If there is something wrong with your configuration, the program will terminate with a clear message.


We have written a configuration loader. It is simple to maintain: every step is a function that is easy to modify. Our code does not pretend to be an industrial solution, but it is suitable for small projects.

Its advantage is that the configuration can be re-read at any time. This is handy for development: modify the file and run load-config! in the REPL. A new configuration appears in the CONFIG variable.

The downside of the loader is that the code is bound to the exit function, which terminates a JVM. In production, this is the right approach: you cannot continue if the parameters are misconfigured. In development, a termination is more of a problem than a benefit: any error kills the REPL, and you need to start it again.

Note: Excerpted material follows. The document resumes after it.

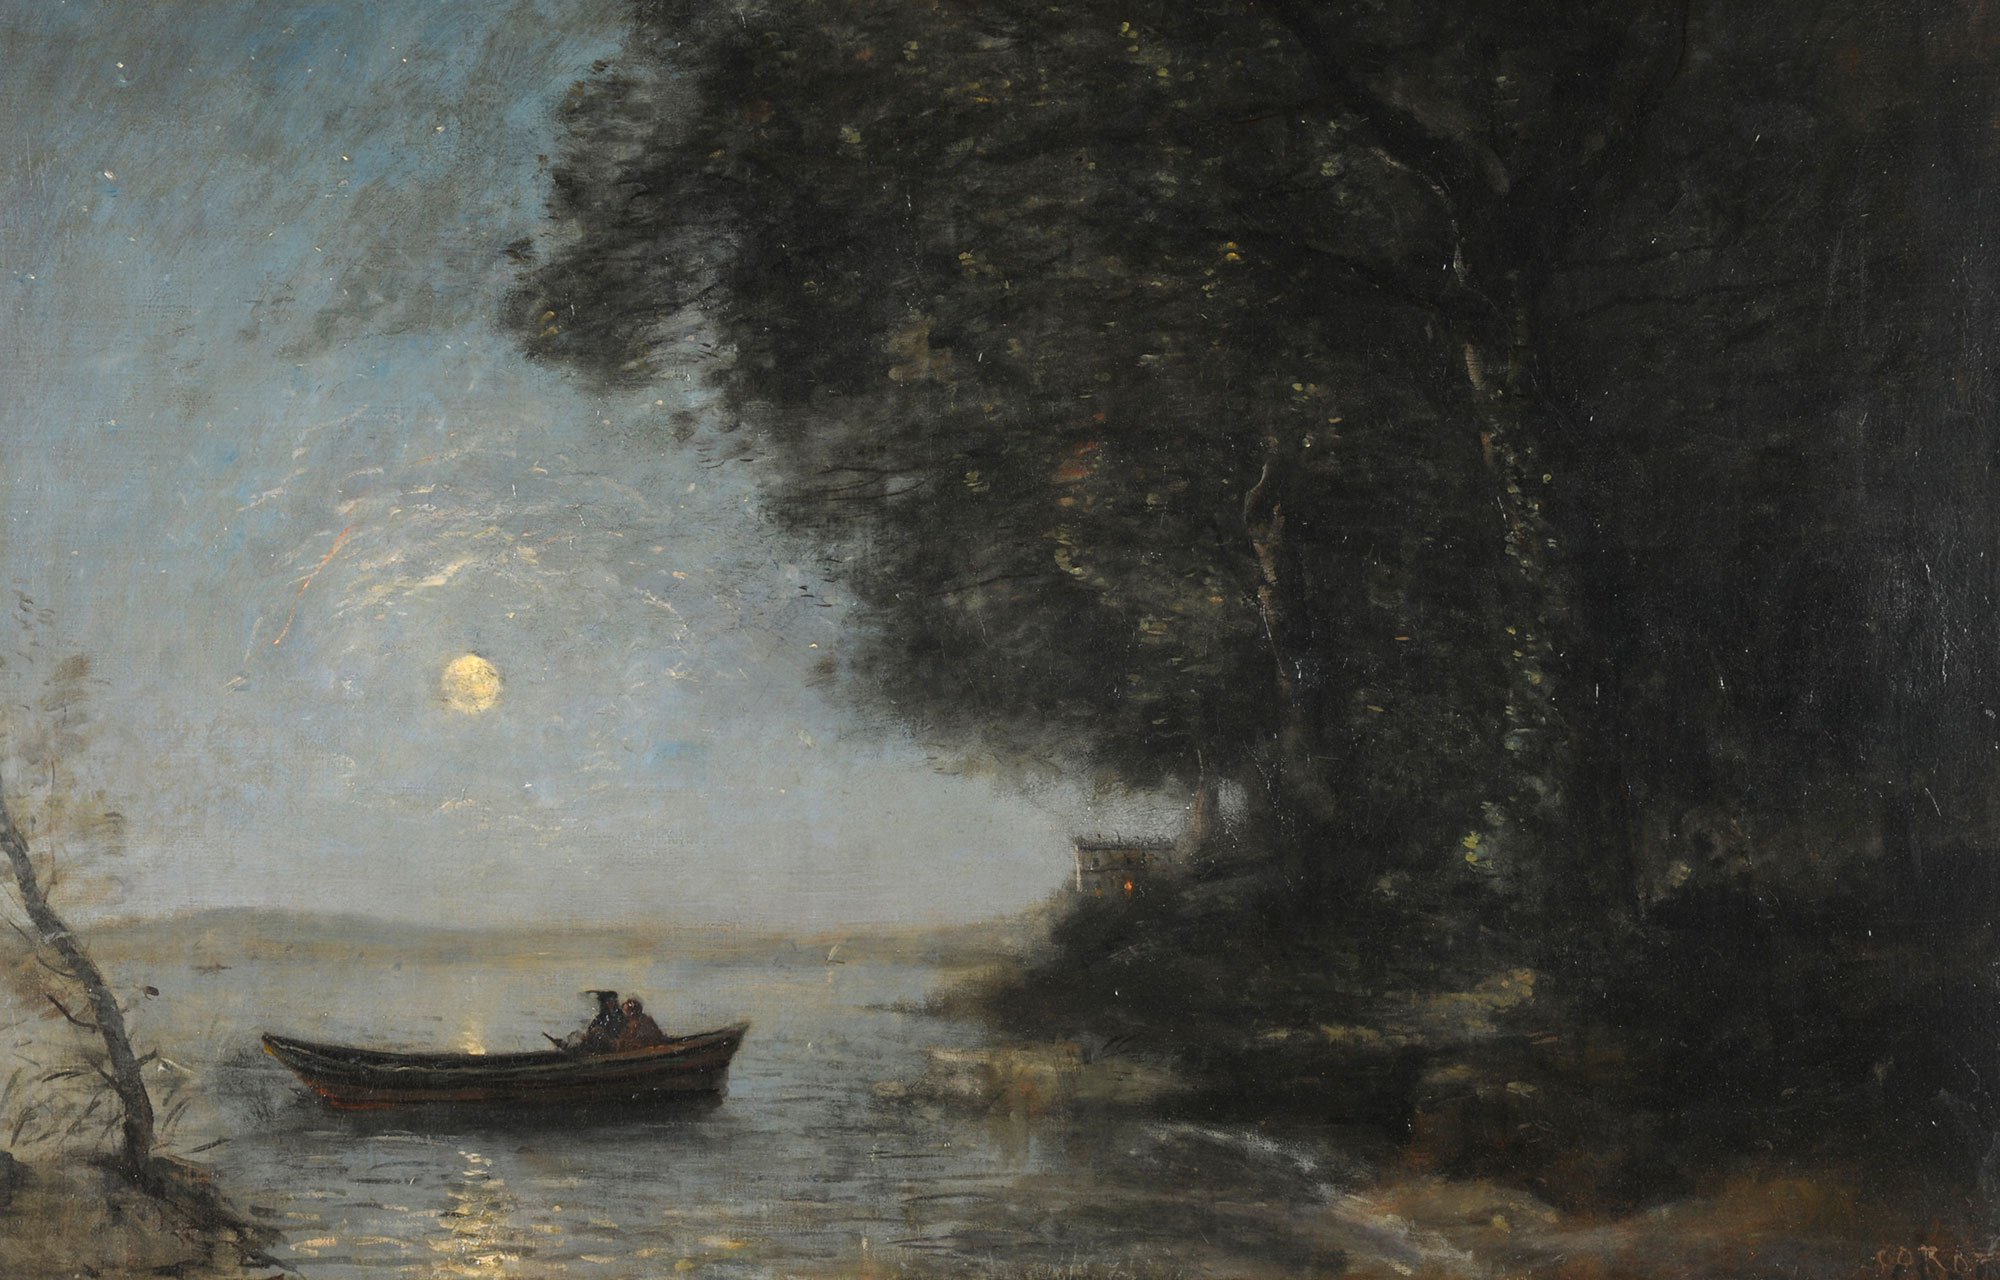 Szene an einem nächtlichem See: Rechts sieht man das dunkel Ufer mit Bäumen. In der Mitte ein kleines Bott mit zwei Fischern. Im Hintergrund sieht man den Vollmond. Das Gemälde ist von Camille Corot.

The termination of a JVM is too drastic. We should separate an error and reaction to it. The naive way is to call load-config! while the exit is being redefined with a function that only throws an exception. Let’s name it fake-exit. The code below will not terminate the JVM; it will only throw an exception with the text that we passed to exit:

(defn fake-exit
  [_ template & args]
  (let [message (apply format template args)]
    (throw (new Exception ^String message))))

(defn load-config-repl! []
  (with-redefs [exit fake-exit]

A better solution is to pass additional parameters to load-config!. Let’s call one of them die-fn (the “death function”) that takes an exception. In production, it terminates the JVM, and in development, it writes a message to the REPL. Modify the loader to support the :die-fn parameter. Consider default behavior if the parameter is not specified.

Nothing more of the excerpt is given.